That's a more intolerable situation than the other. For if I'd been-- pushed in, against my will--kicking, even--once the door was locked, or at any rate in five years or so, I might have accepted the fact and begun to take an interest in the flight of flies or counting the warder's steps along the passage with particular attention to variations of tread and so on. But as it is, I'm like an insect that's flown into a room of its own accord. I dash against the walls, dash against the windows, flop against the ceiling, do everything on God's earth, in fact, except fly out again.
And all the while I'm thinking, like that moth, or that butterfly, or whatever it is, 'The shortness of life! The shortness of life!' I've only one night or one day, and there's this vast dangerous garden, waiting out there, undiscovered, unexplored."
"But, if you feel like that, why--" began Linda quickly.
"Ah!" cried Jonathan. And that "ah!" was somehow almost exultant. "There you have me. Why? Why indeed? There's the maddening, mysterious question. Why don't I fly out again? There's the window or the door or whatever it was I came in by. It's not hopelessly shut--is it? Why don't I find it and be off? Answer me that, little sister." But he gave her no time to answer.

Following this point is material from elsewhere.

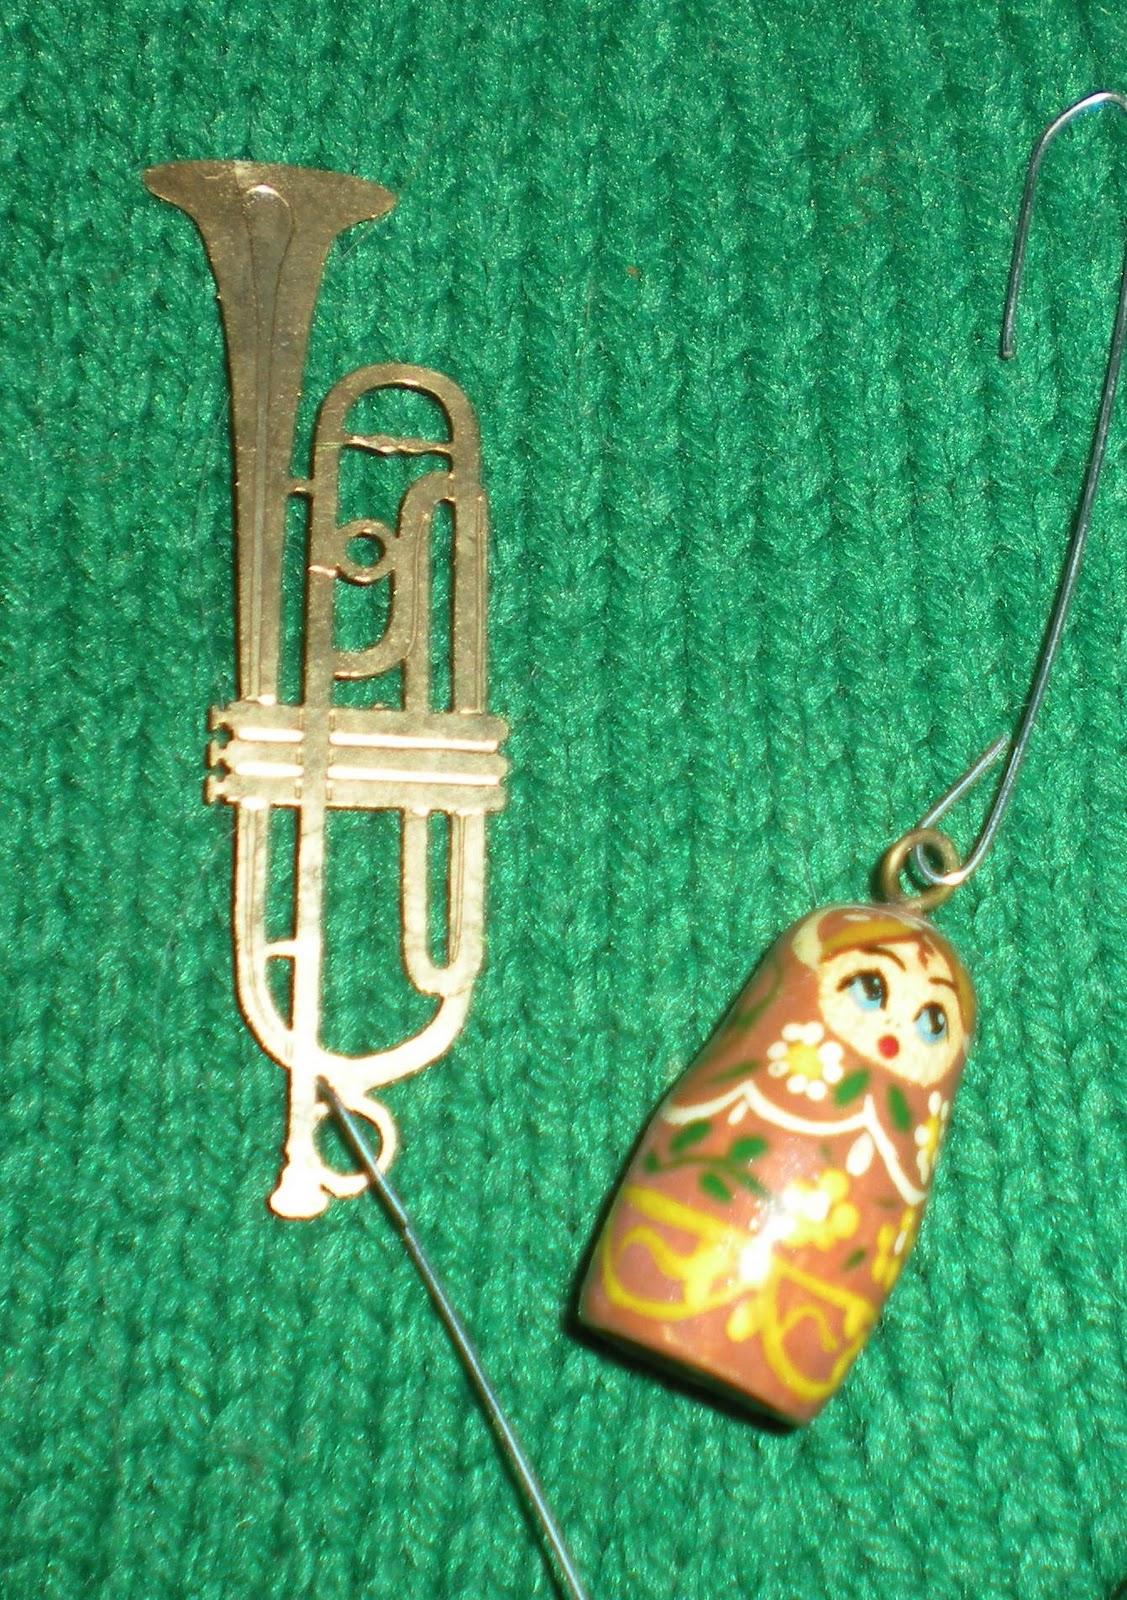 http://1.bp.blogspot.com/_qefC8FCB4oU/TSs76Rzl2hI/AAAAAAAAPVs/oj86TlYCoxo/s1600/ornaments.jpg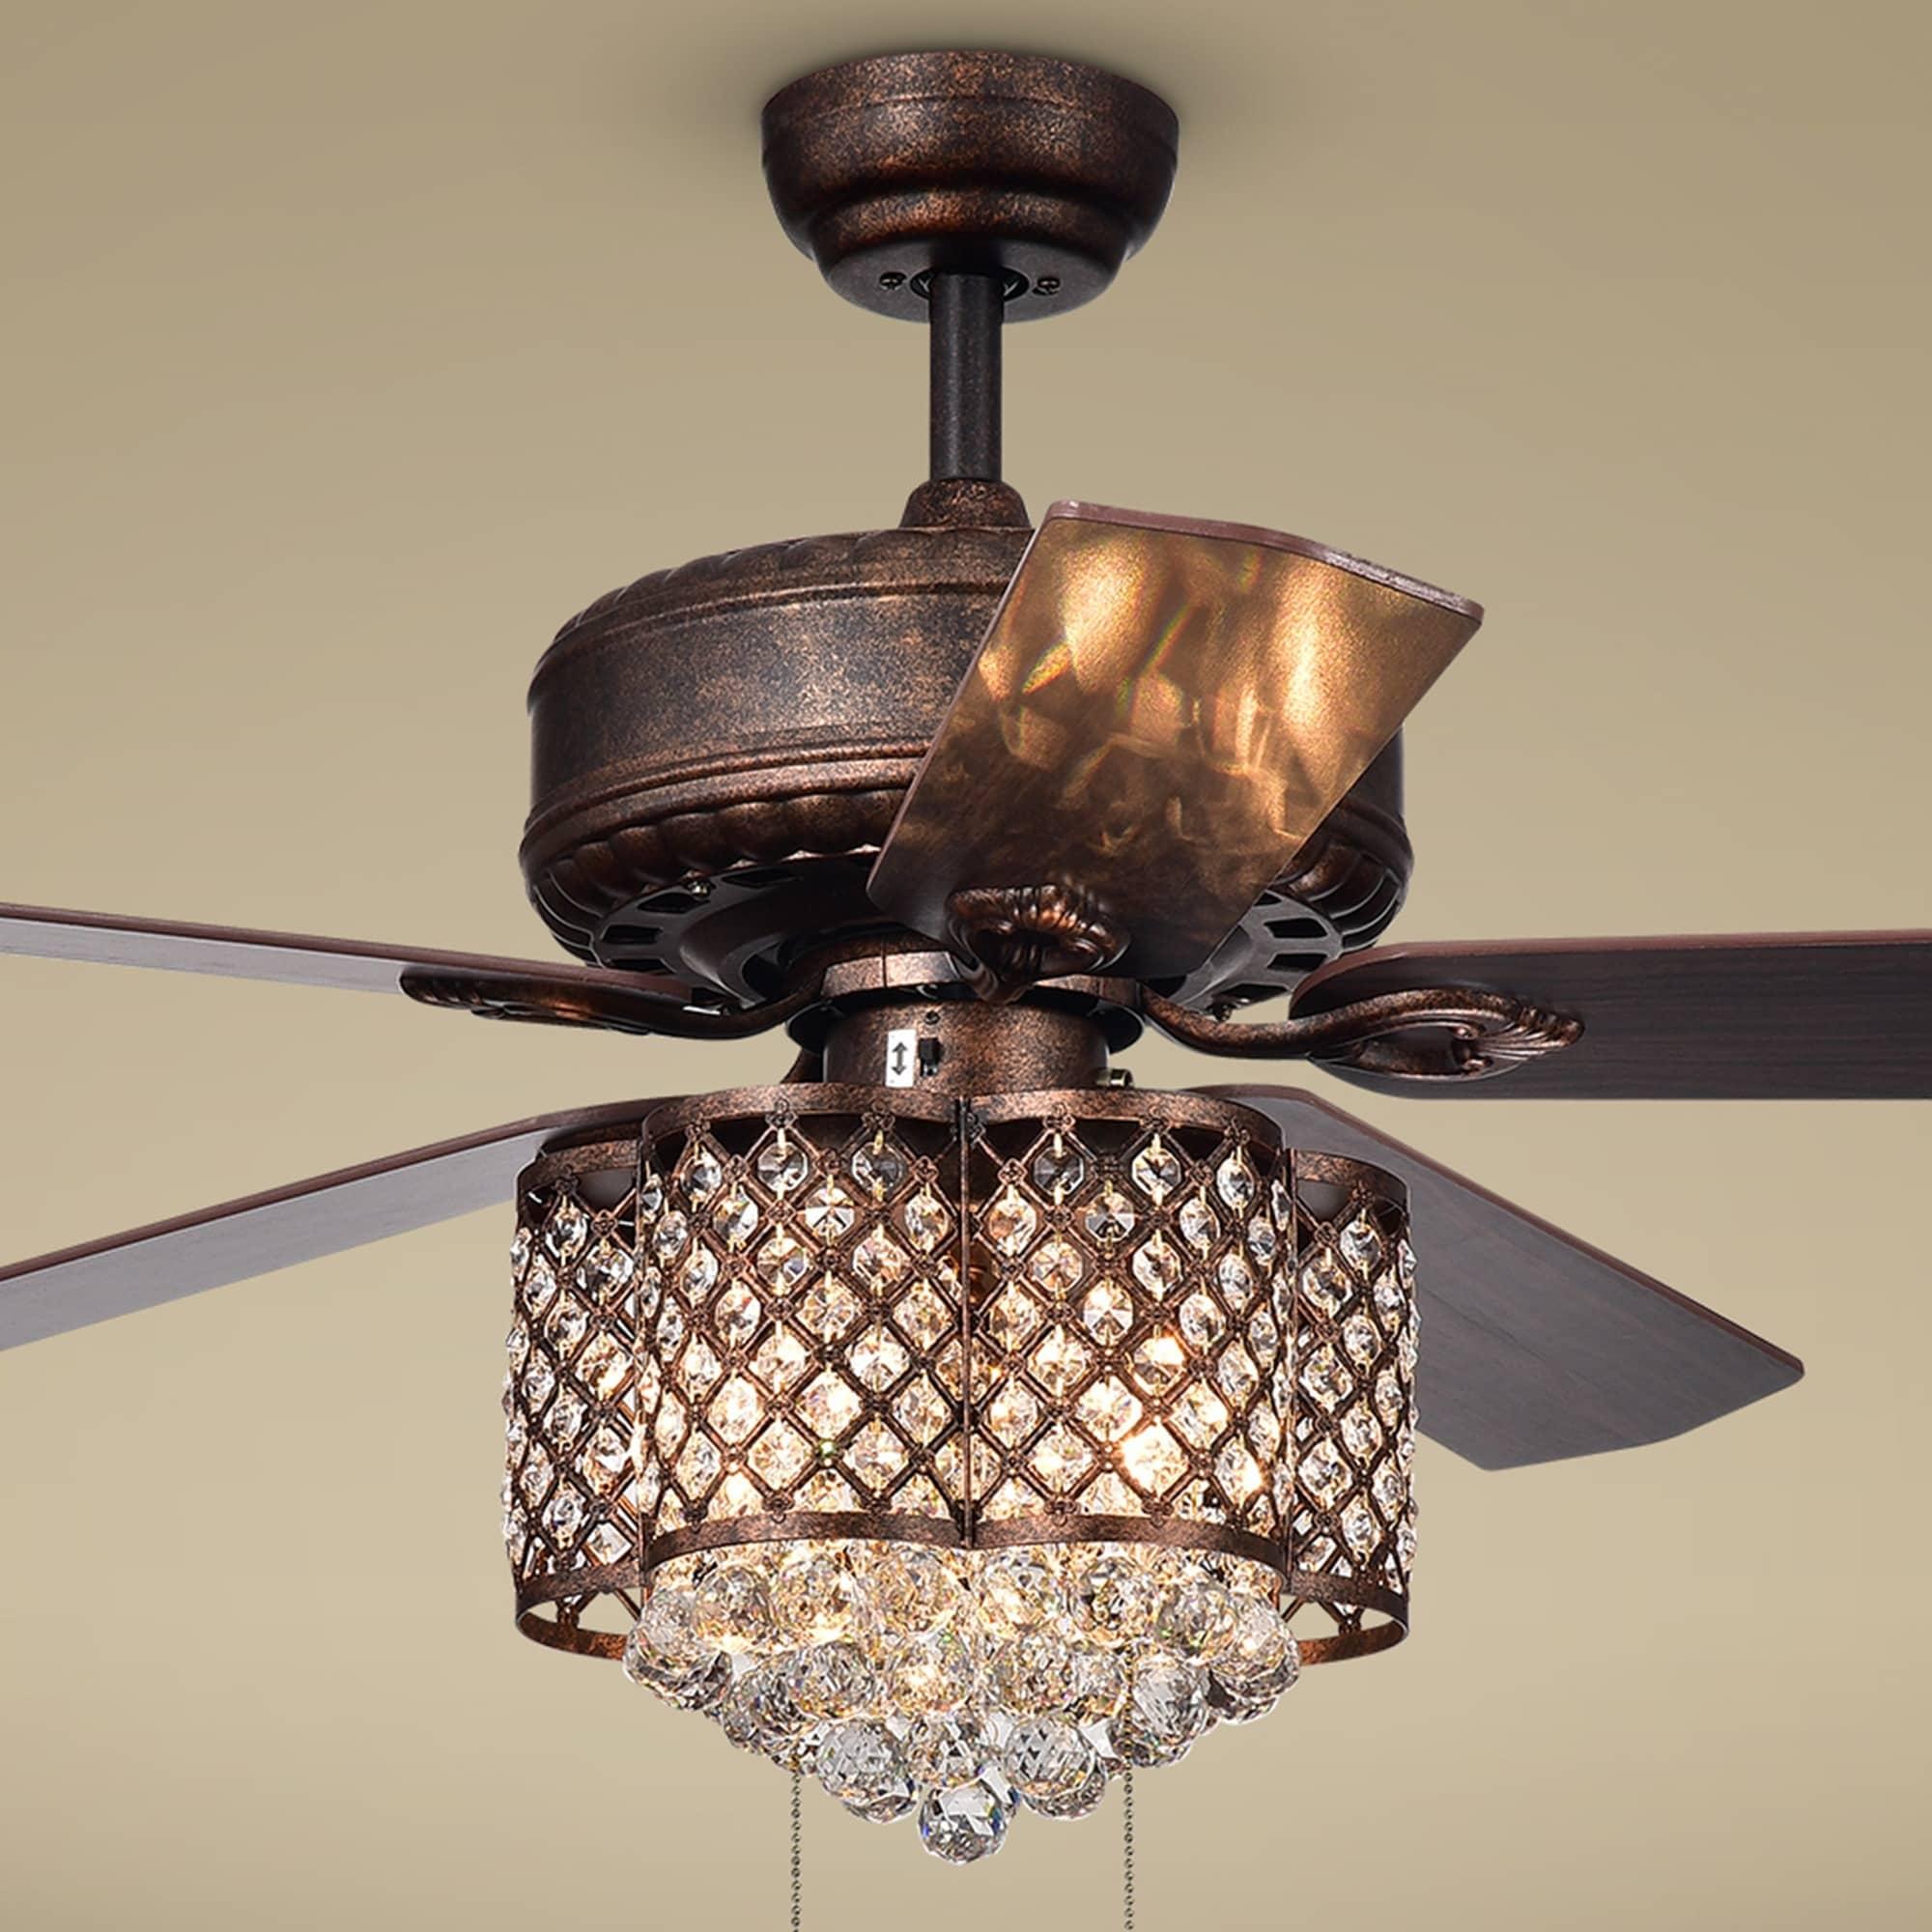 Pshita 3 light Crystal 5 blade 52 inch Rustic Bronze Ceiling Fan

"I'm exactly like that insect again. For some reason"--Jonathan paused between the words--"it's not allowed, it's forbidden, it's against the insect law, to stop banging and flopping and crawling up the pane even for an instant. Why don't I leave the office? Why don't I seriously consider, this moment, for instance, what it is that prevents me leaving? It's not as though I'm tremendously tied. I've two boys to provide for, but, after all, they're boys. I could cut off to sea, or get a job up-country, or--"
Suddenly he smiled at Linda and said in a changed voice, as if he were confiding a secret, "Weak...weak. No stamina. No anchor. No guiding principle, let us call it." But then the dark velvety voice rolled out:"
"Would ye hear the story How it unfolds itself..." and they were silent.
The sun had set. In the western sky there were great masses of crushed-up rose-coloured clouds. Broad beams of light shone through the clouds and beyond them as if they would cover the whole sky. Overhead the blue faded; it turned a pale gold, and the bush outlined against it gleamed dark and brilliant like metal. Sometimes when those beams of light show in the sky they are very awful. They remind you that up there sits Jehovah, the jealous God, the Almighty, Whose eye is upon you, ever watchful, never weary. You remember that at His coming the whole earth will shake into one ruined graveyard; the cold, bright angels will drive you this way and that, and there will be no time to explain what could be explained so simply...But to-night it seemed to Linda there was something infinitely joyful and loving in those silver beams. And now no sound came from the sea. It breathed softly as if it would draw that tender, joyful beauty into its own bosom.
"It's all wrong, it's all wrong," came the shadowy voice of Jonathan.
"It's not the scene, it's not the setting for...three stools, three desks, three inkpots and a wire blind."
Linda knew that he would never change, but she said, "Is it too late, even now?"
"I'm old--I'm old," intoned Jonathan. He bent towards her, he passed his hand over his head. "Look!" His black hair was speckled all over with silver, like the breast plumage of a black fowl.
Linda was surprised. She had no idea that he was grey. And yet, as he stood up beside her and sighed and stretched, she saw him, for the first time, not resolute, not gallant, not careless, but touched already with age. He looked very tall on the darkening grass, and the thought crossed her mind, "He is like a weed."
Jonathan stooped again and kissed her fingers.
"Heaven reward thy sweet patience, lady mine," he murmured. "I must go seek those heirs to my fame and fortune..." He was gone.